#### Exercise details
Write the data out again, character for character, with no images.

#### Recorded data
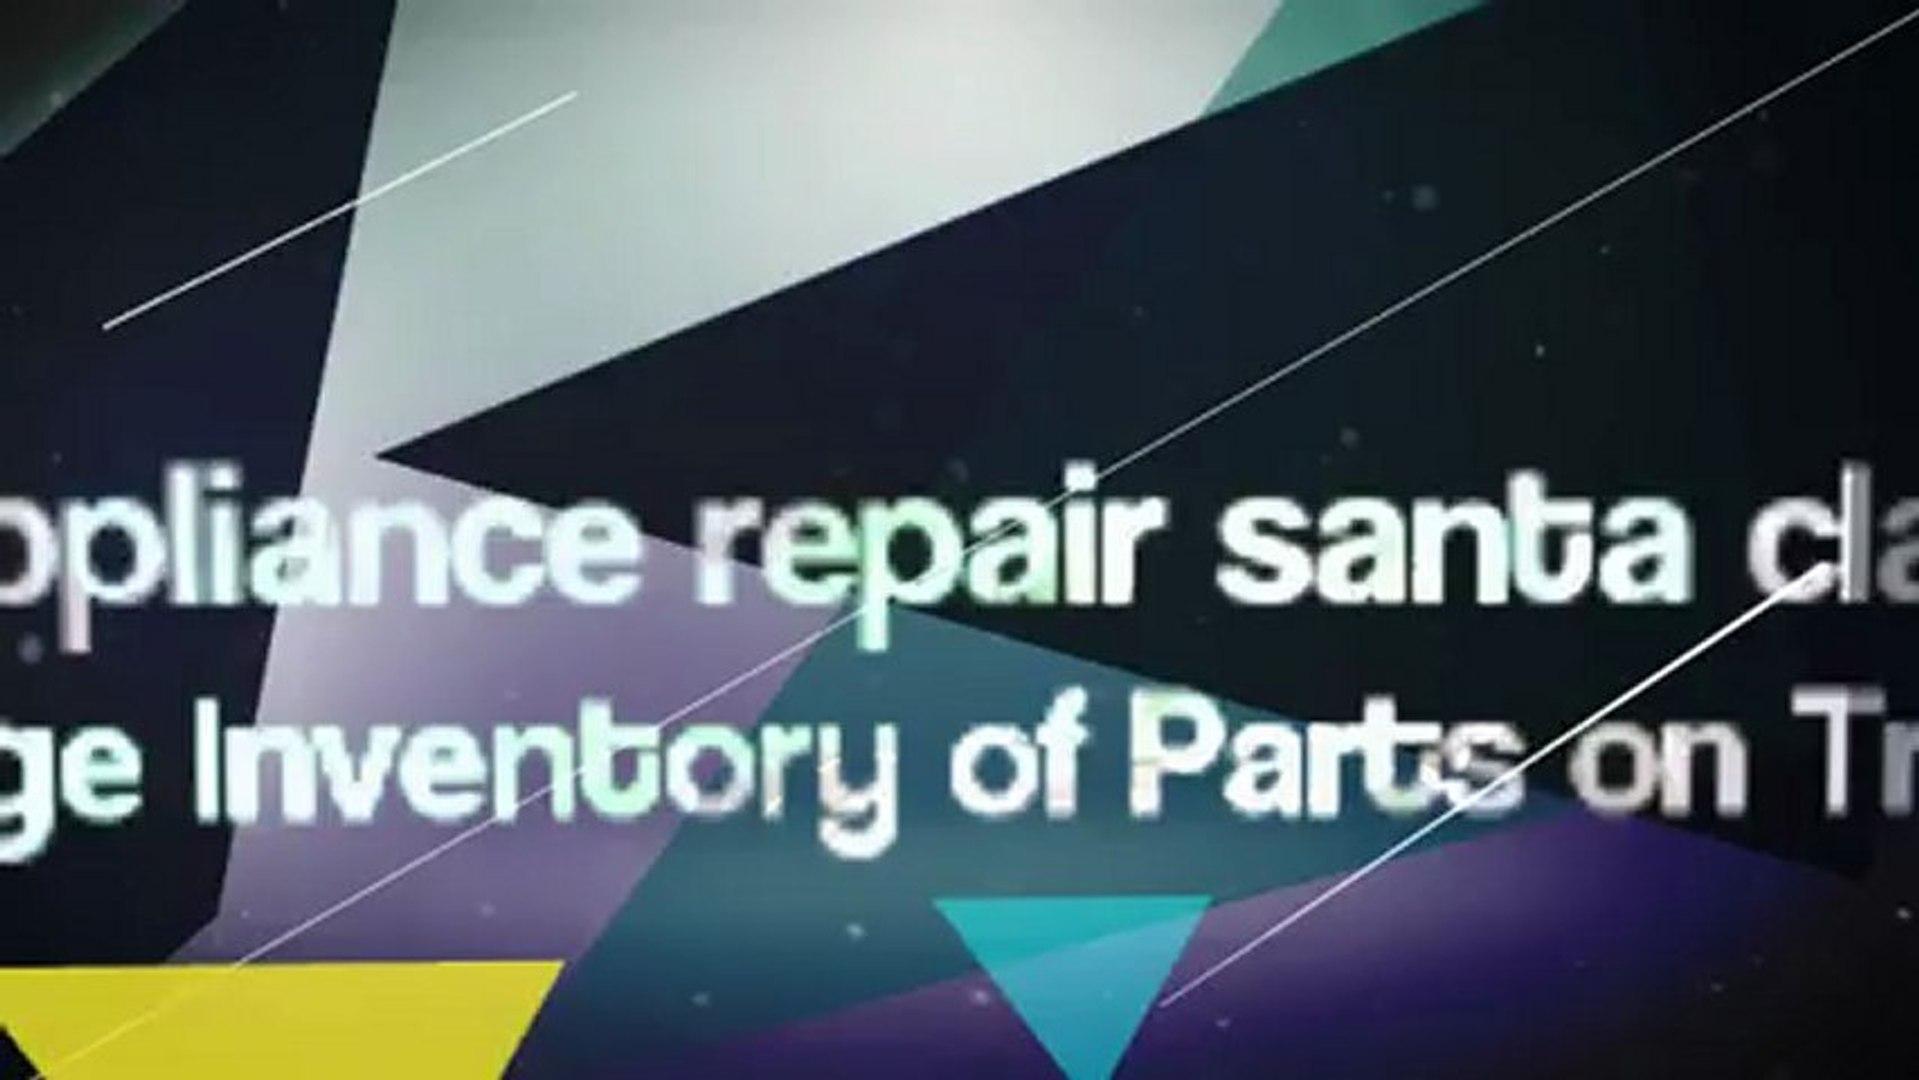 Appliance repair santa clarita ca Call 415-689-8180
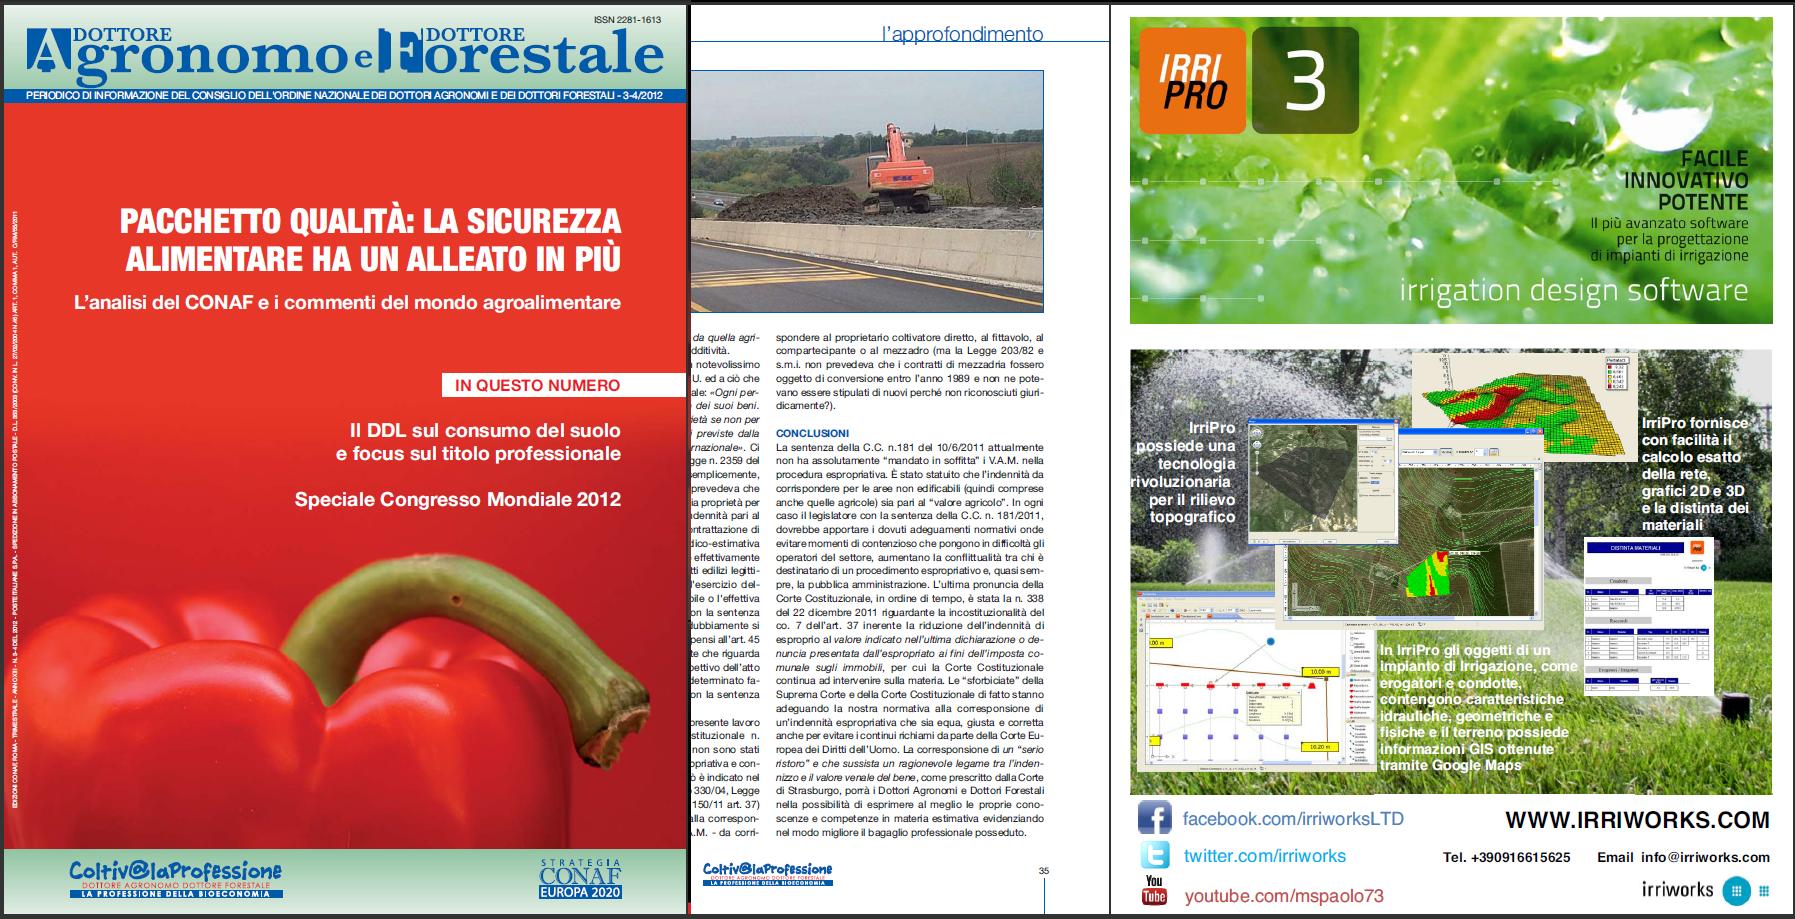 Rassegna stampa progettazione impianti irrigazione for Software progettazione impianti irrigazione gratis
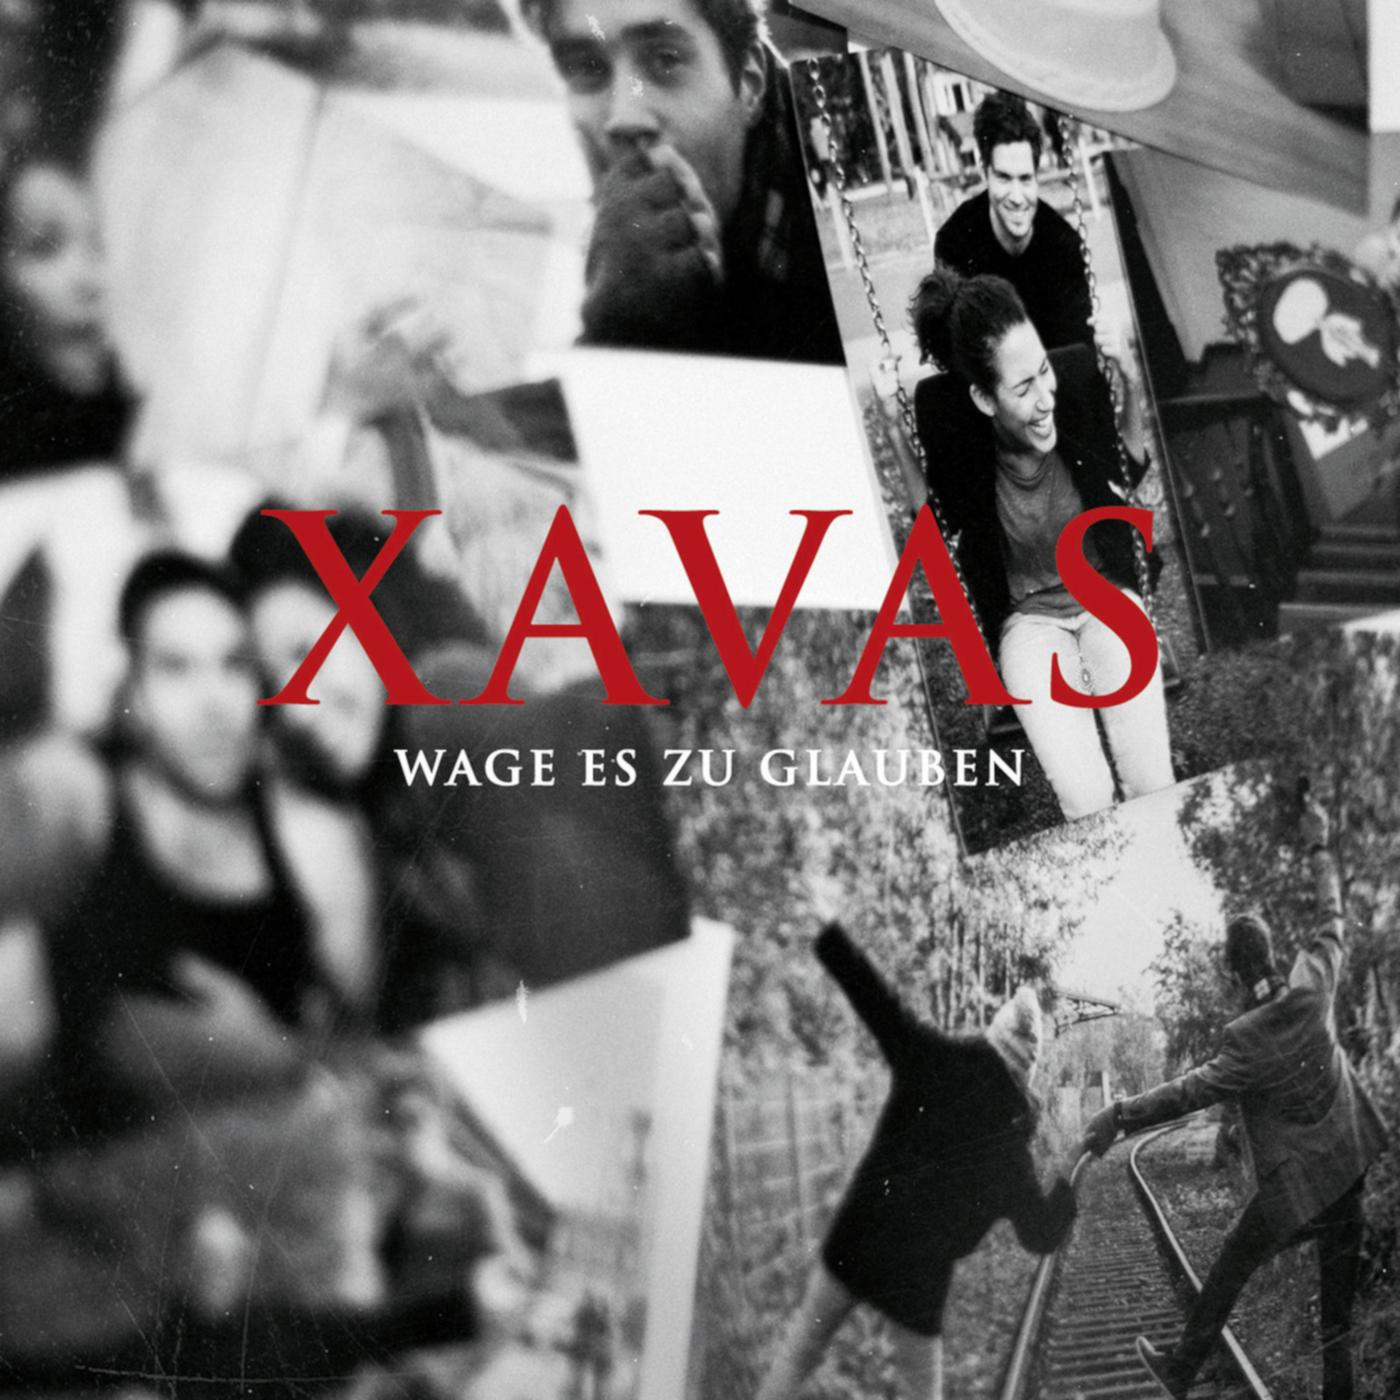 Wage es zu glauben - XAVAS

#### Answer section
 Appliance repair santa clarita ca Call 415-689-8180
 Rassegna stampa progettazione impianti irrigazione for Software progettazione impianti irrigazione gratis
 Wage es zu glauben - XAVAS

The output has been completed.